RAG = Retrieval-Augmented Generation.

In simple French: before answering, the AI searches for relevant information in YOUR documents, then uses them to formulate its response.

Without RAG:
   Question --> LLM --> Response (based on general knowledge)

With RAG:
   Question --> Search in your docs --> Relevant documents
                                                    |
                                                    v
   Question + Relevant documents --> LLM --> Precise and sourced response

Simple Analogy

Think of a student taking an exam:
- Without RAG: they answer from memory (sometimes they get it wrong or make it up)
- With RAG: they're allowed to consult their revision notes before answering

RAG doesn't make the AI more intelligent -- it gives it access to your information.
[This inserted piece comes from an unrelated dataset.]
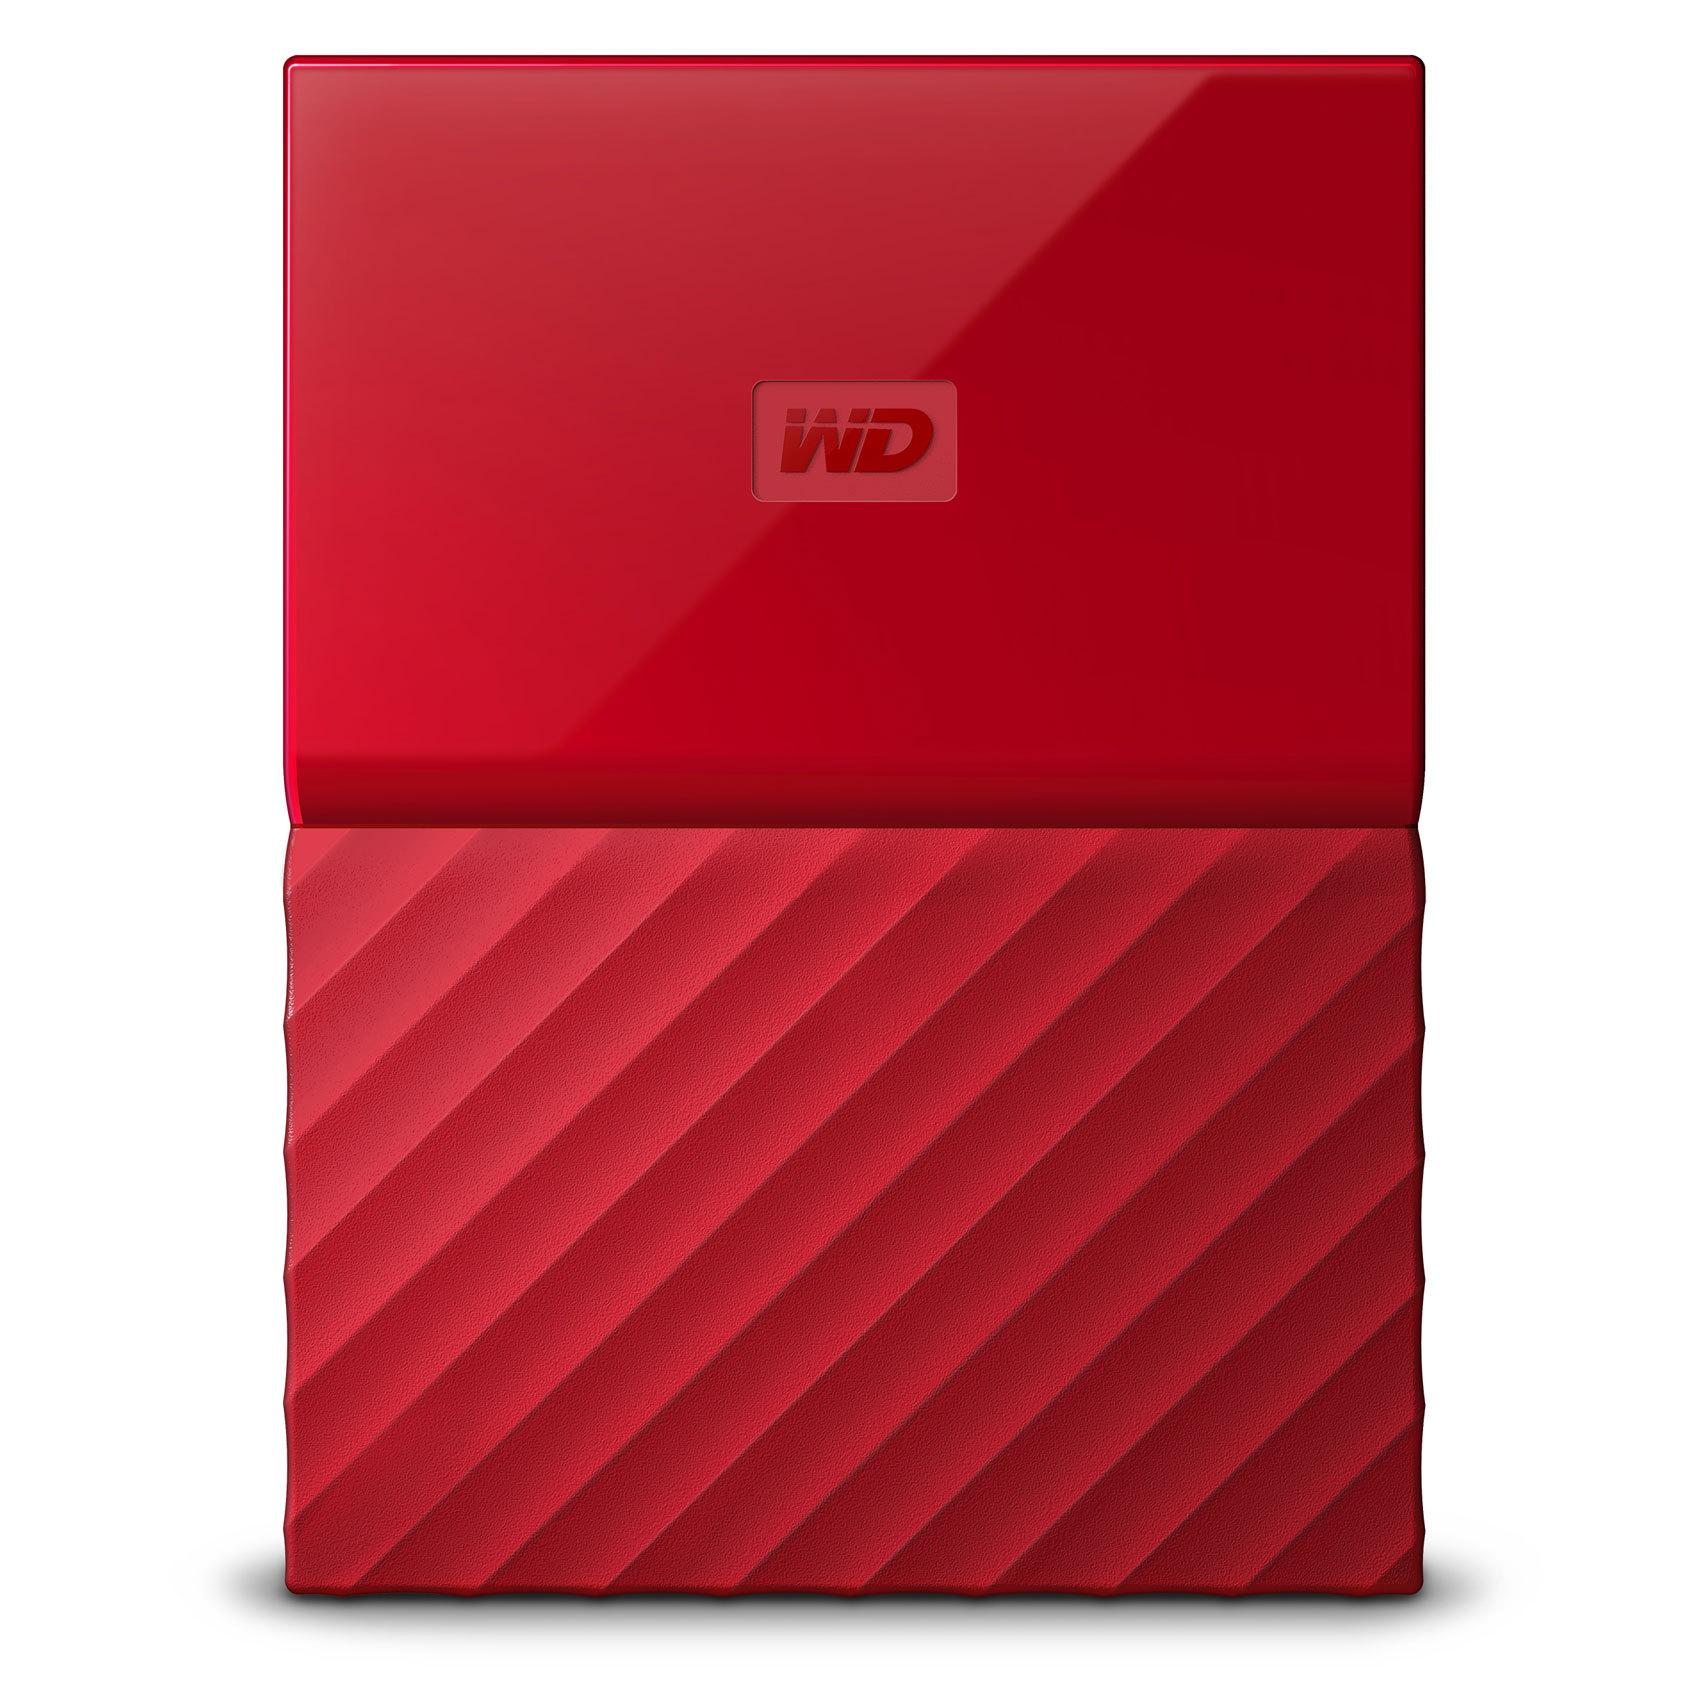 WD HDD 2TB PASSPORT RD WW
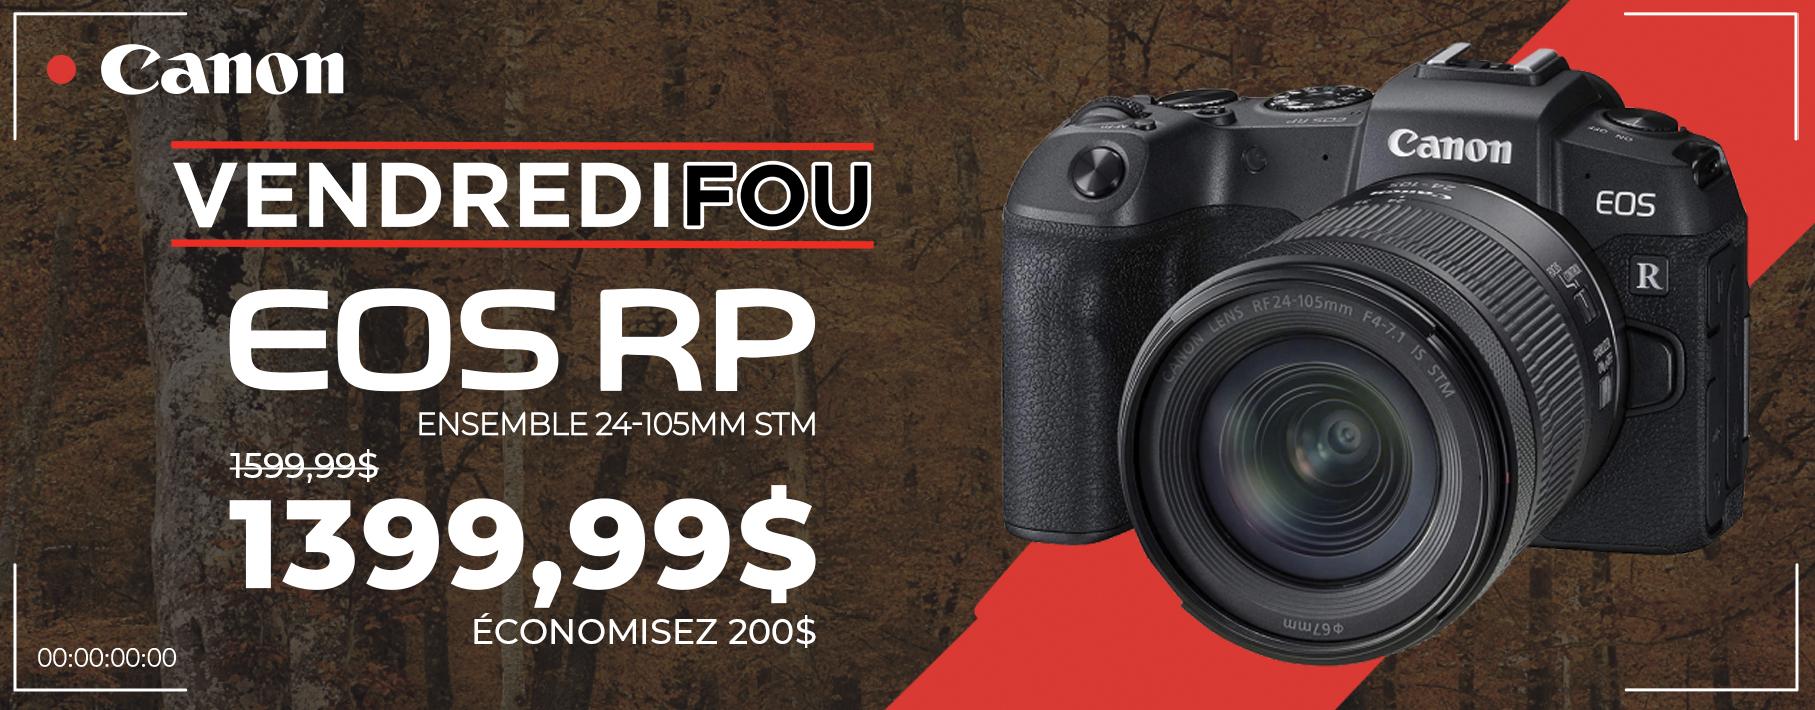 BF20 Canon

🔢 Embeddings: Transforming Text into Vectors

The Key Concept

For the AI to "search" in your documents, you first need to transform the text into something a computer can compare efficiently: vectors (lists of numbers).

# Conceptually, an embedding transforms text into numbers
"The cat sleeps on the couch"  -->  [0.23, -0.45, 0.78, 0.12, ...]
"The feline rests in the living room" -->  [0.21, -0.43, 0.76, 0.14, ...]
"Python is a language"       -->  [-0.67, 0.34, -0.12, 0.89, ...]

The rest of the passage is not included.